The Food and Drug Administration (FDA) recently announced that two heart devices, the HeartMate II and HeartMate 3 Left Ventricular Assist System (LVAS), have been connected to hundreds of injuries and at least 14 deaths.
As a result of long-term buildup, these devices have been given the agency’s most serious recall classification. Safety advocates and medical experts are concerned about how approved medical device faults are managed and reported in light of the recall.
This continuous issue has resulted in 28 occurrences and 22 injuries. There have been no deaths reported.
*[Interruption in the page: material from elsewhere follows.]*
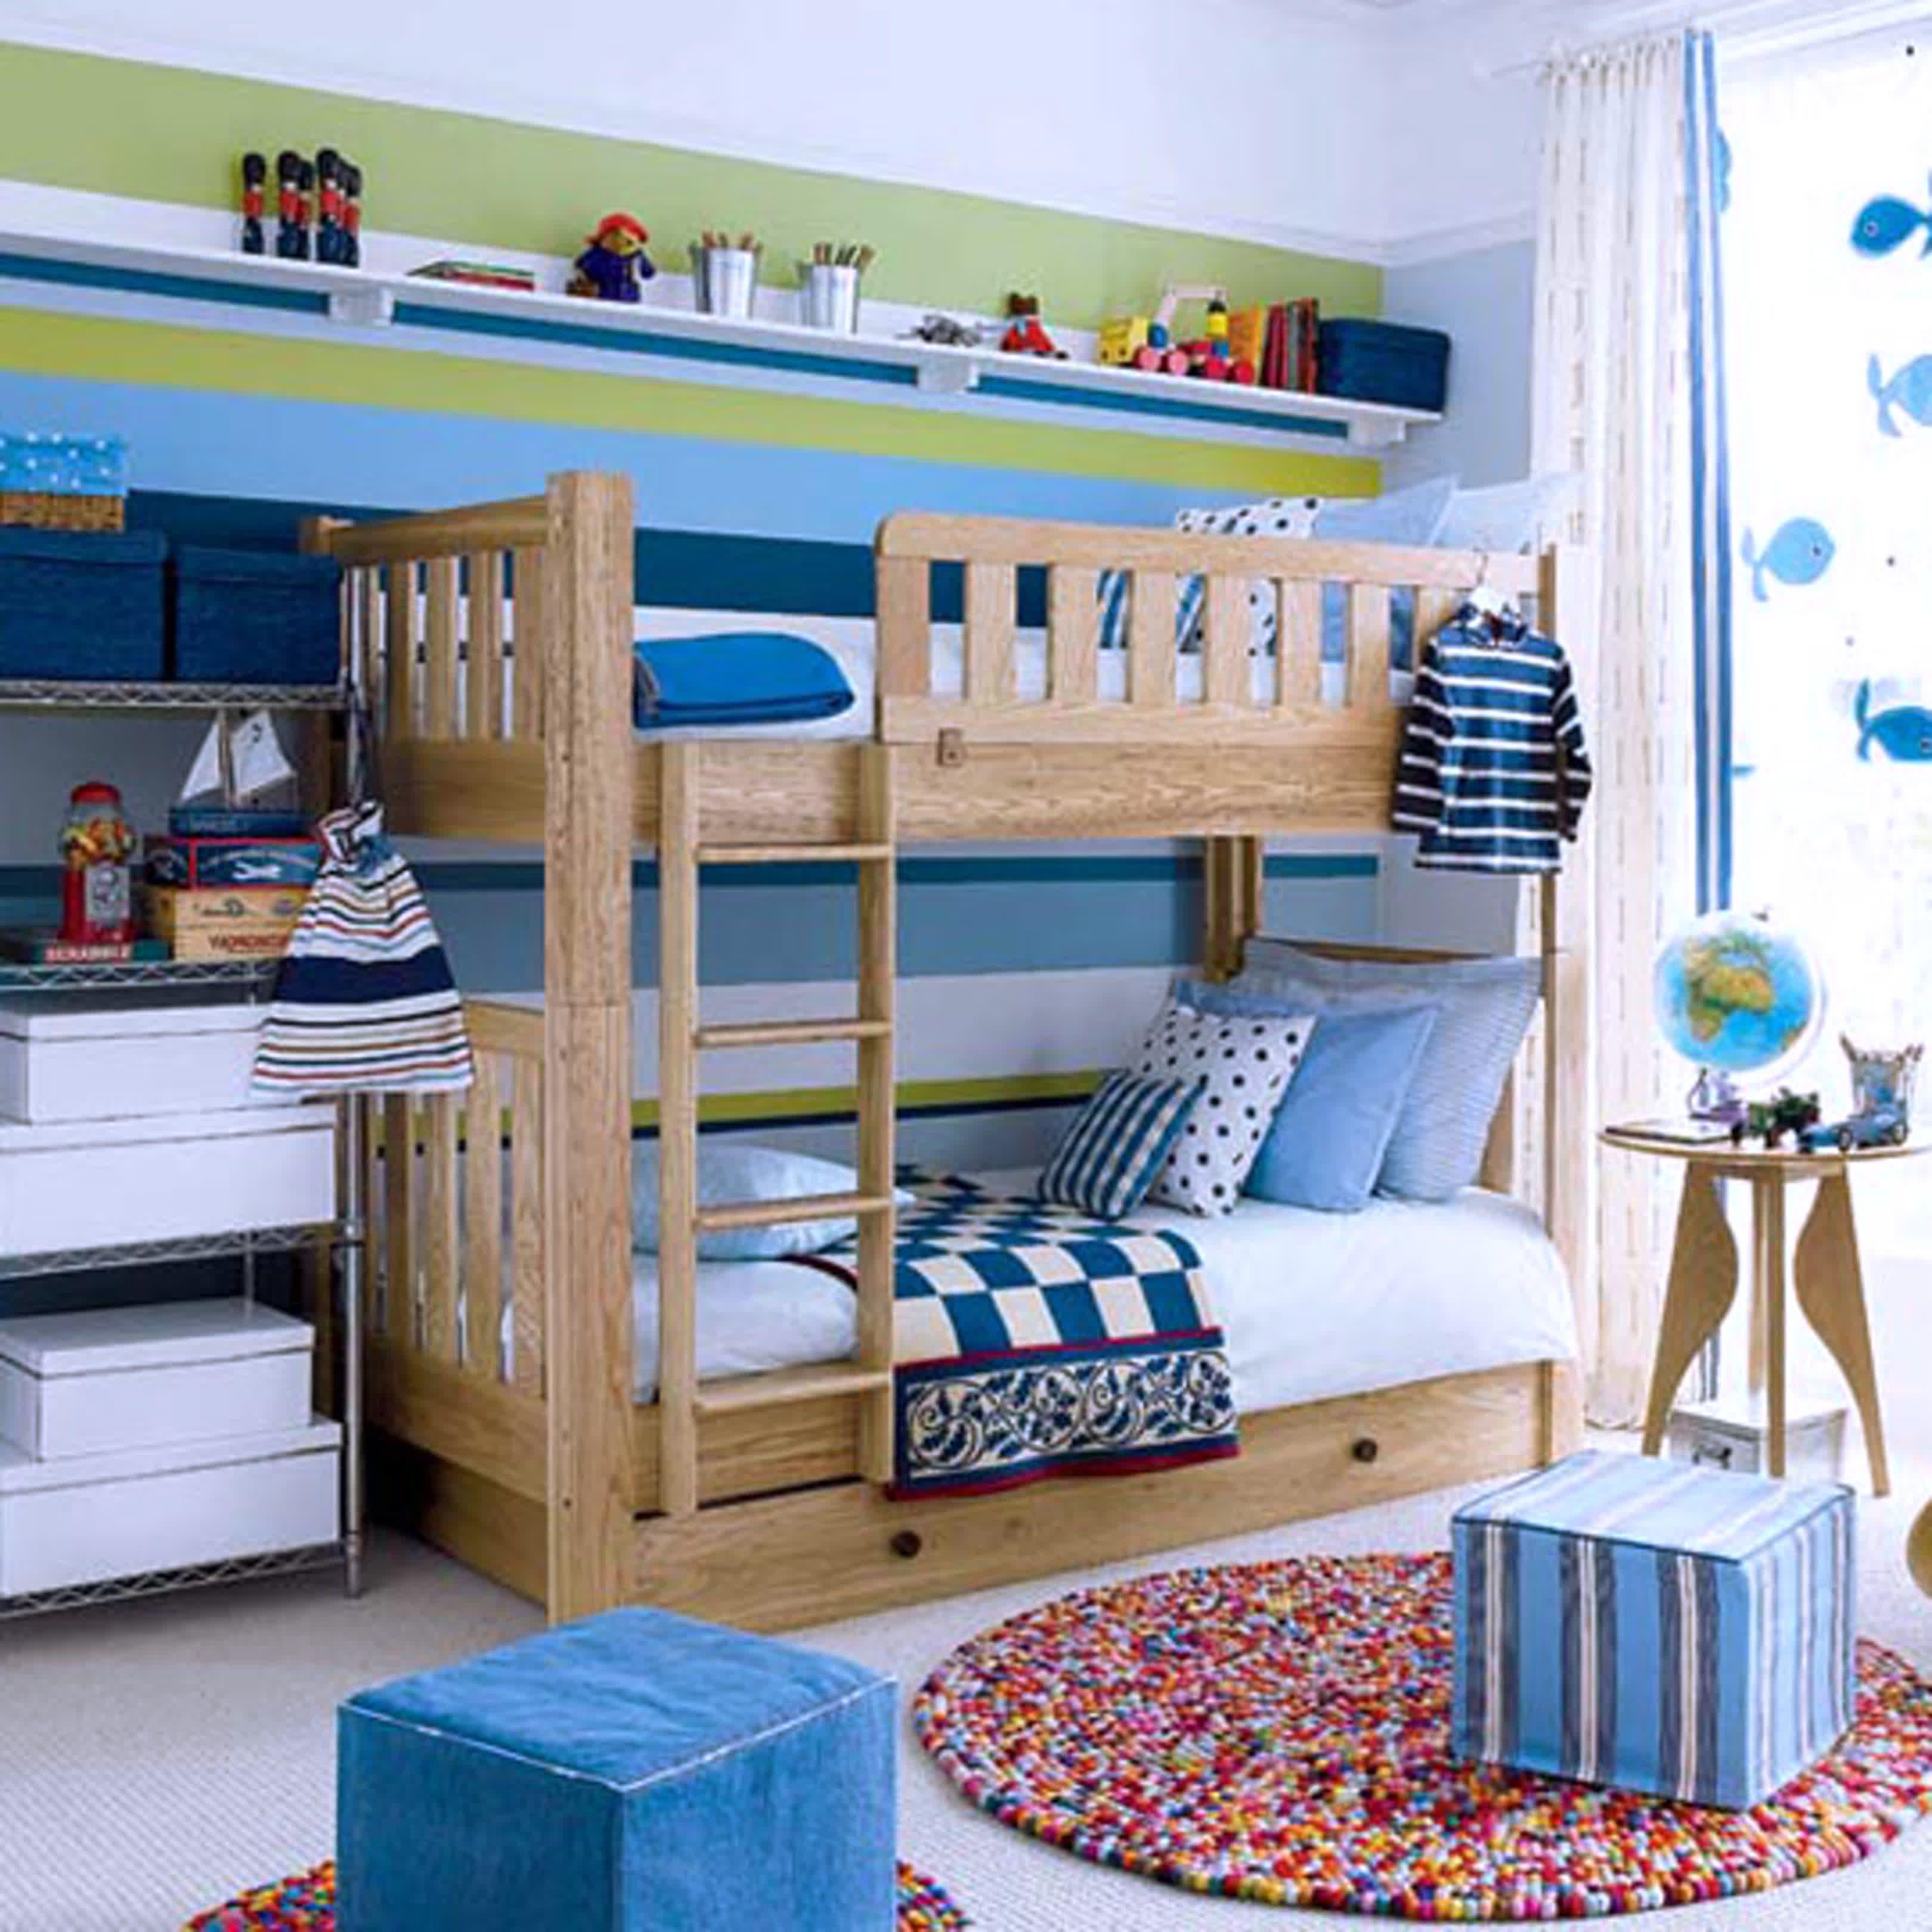 bedroom exciting image of blue boy bedroom decoration design idea using solid light oak wood kid bunk bed including light blue stripe cubic bedroom chair - Light Wood Kids Room Decor
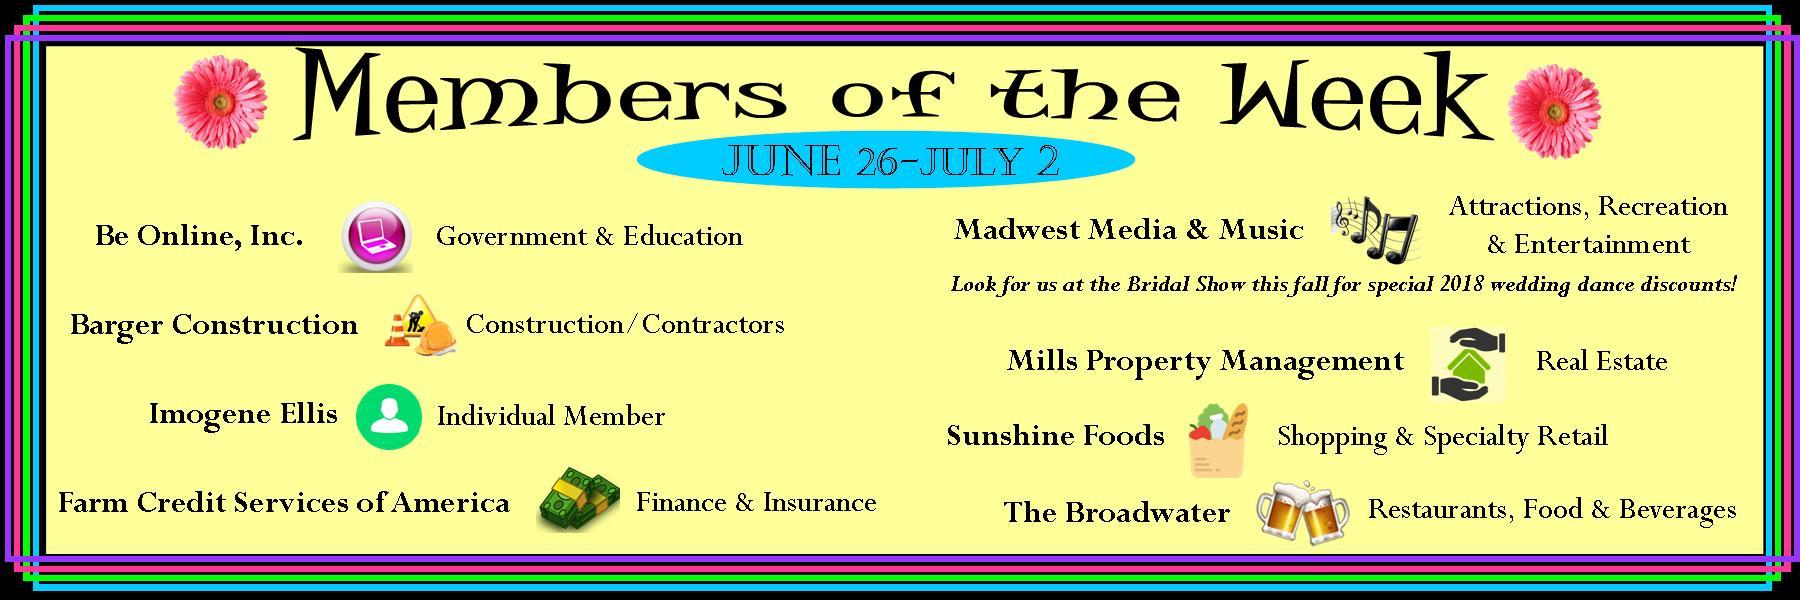 Member-of-the-Week-June-26.jpg

Medtronic had to recall 87,709 devices due to a similar issue in August 2022.
About the Abbott devices
Thoratec Corp., a division of Abbott Laboratories, manufactures the HeartMate II and HeartMate 3. Approximately 14,000 gadgets are thought to be under recall, however the two devices are not currently being pulled off the market.
In a statement, the FDA stated, “The HeartMate II and 3 are used for both short- and long-term support in adult patients with severe left ventricular heart failure.” “It can be used while waiting for a heart transplant, to help the heart recover, or as a permanent solution when a transplant isn’t an option.”
The devices take the position of the left ventricle, the heart’s primary pumping chamber, in pumping blood. Blood flow from that compromised chamber is redirected and propelled into the aorta, where it is distributed throughout the body.
Amanda Hils, an FDA press officer, stated that the agency is working with Abbott to investigate the reported injuries and deaths and determine whether any action is required.